### WHAT YOU WILL DO
Ignoring every picture, transcribe the data in full as it stands.

### SUPPLIED MATERIAL
=== Section Start ===
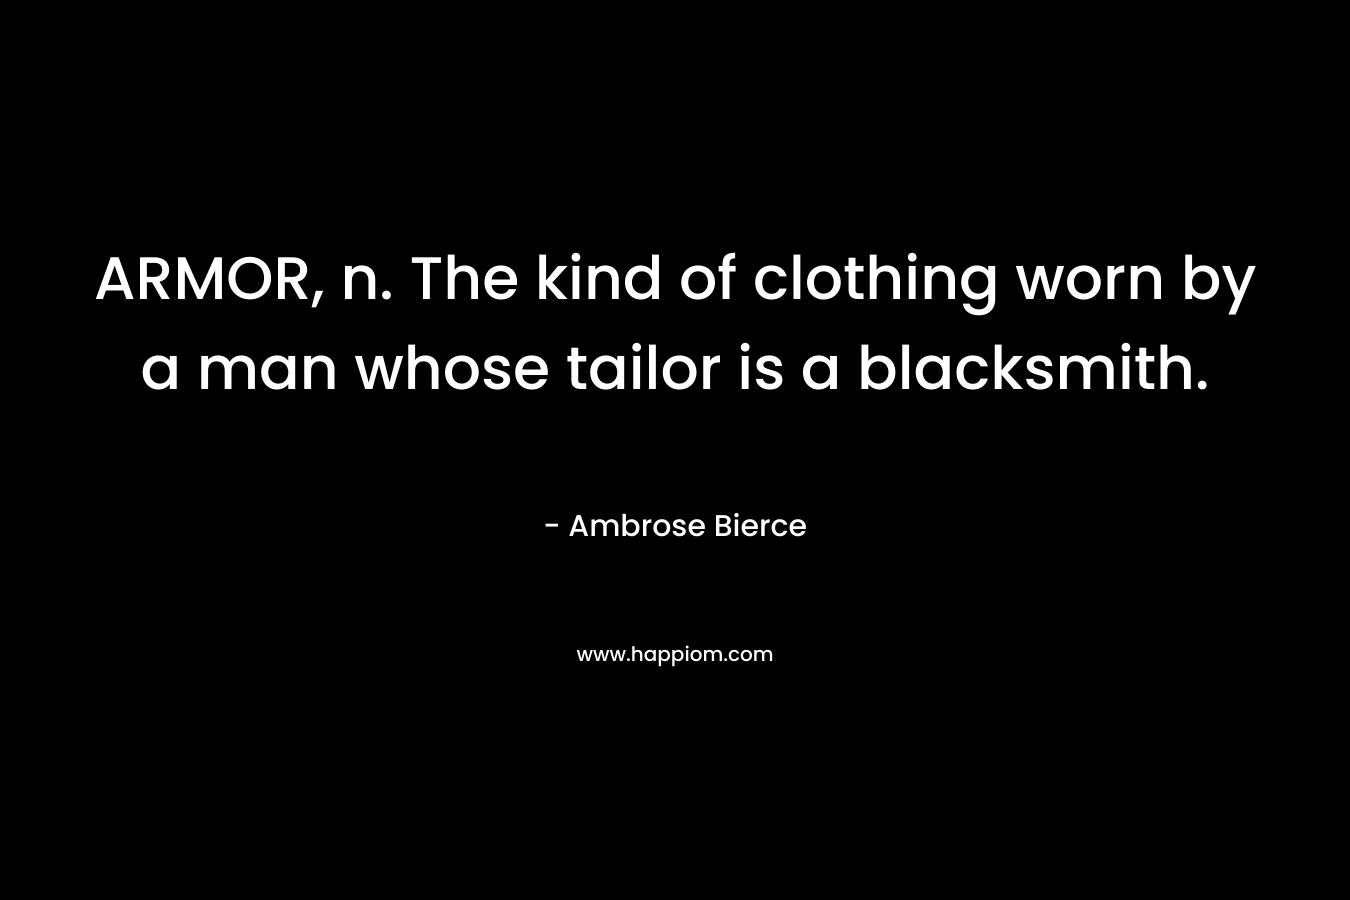 ARMOR, n. The kind of clothing worn by a man whose tailor is a blacksmith.
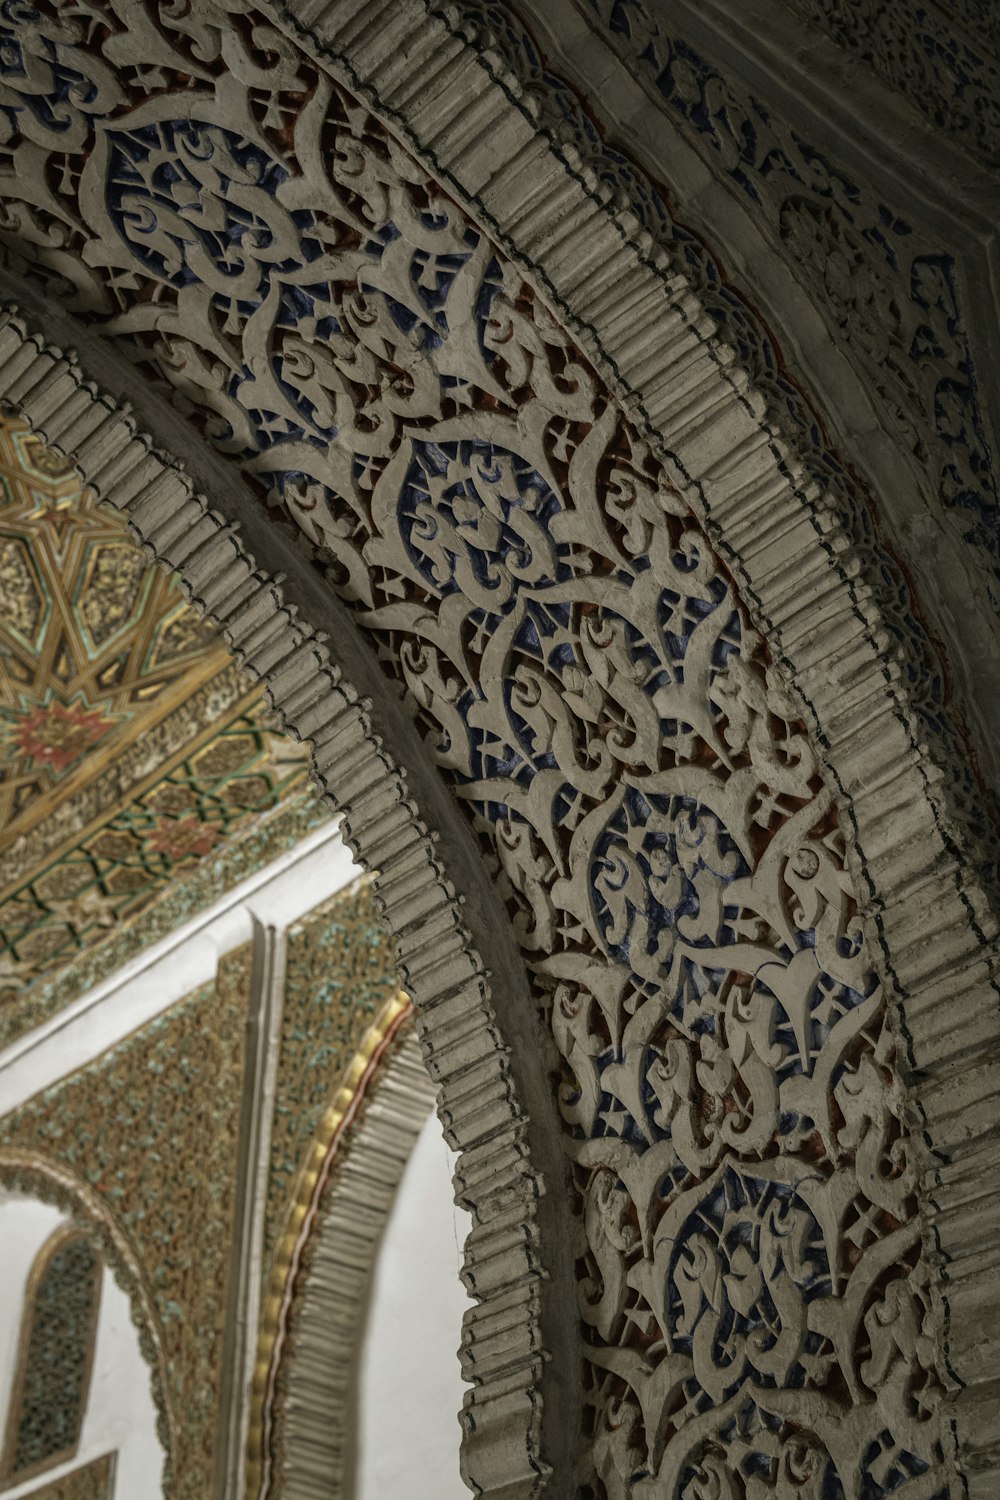 a ceiling with designs
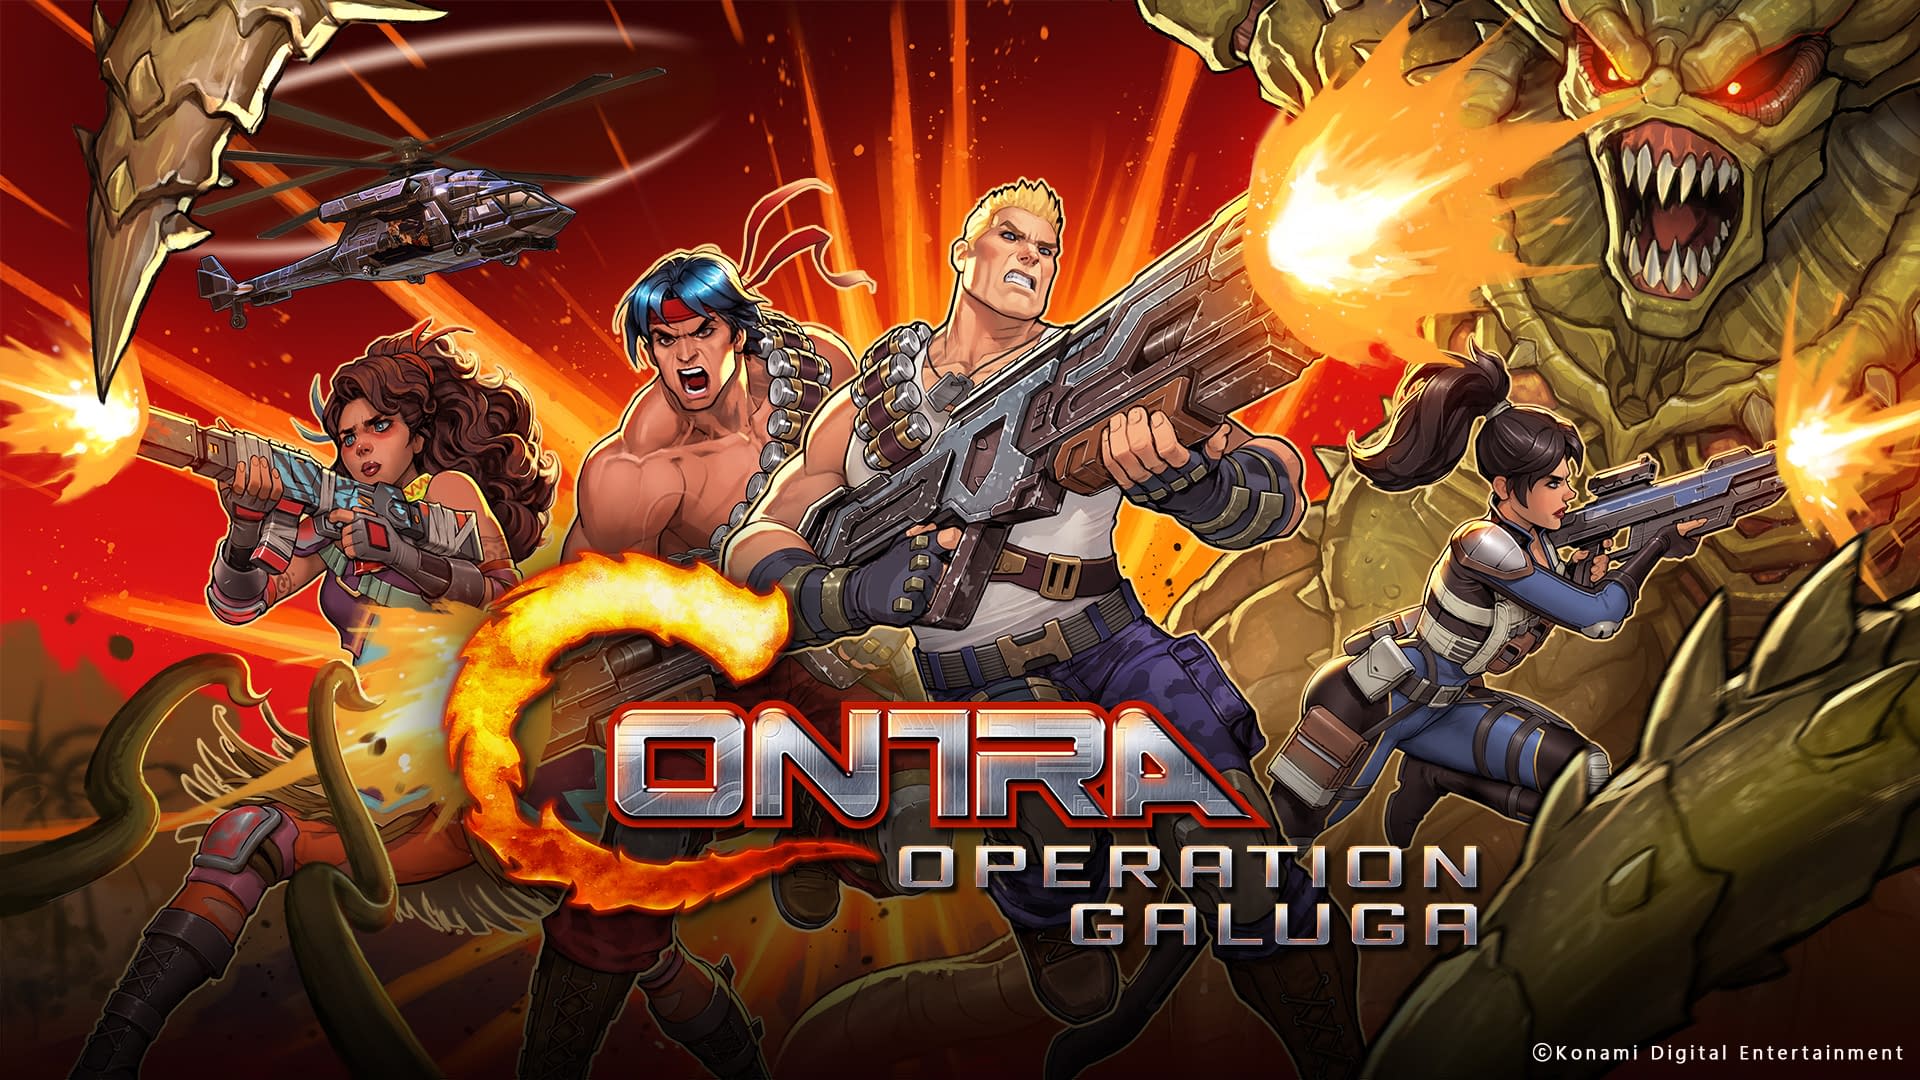 Contra: Operation Galuga Takes On March 12
=== Section End ===
### OUTPUT OF THE TASK
 ARMOR, n. The kind of clothing worn by a man whose tailor is a blacksmith.
 a ceiling with designs
 Contra: Operation Galuga Takes On March 12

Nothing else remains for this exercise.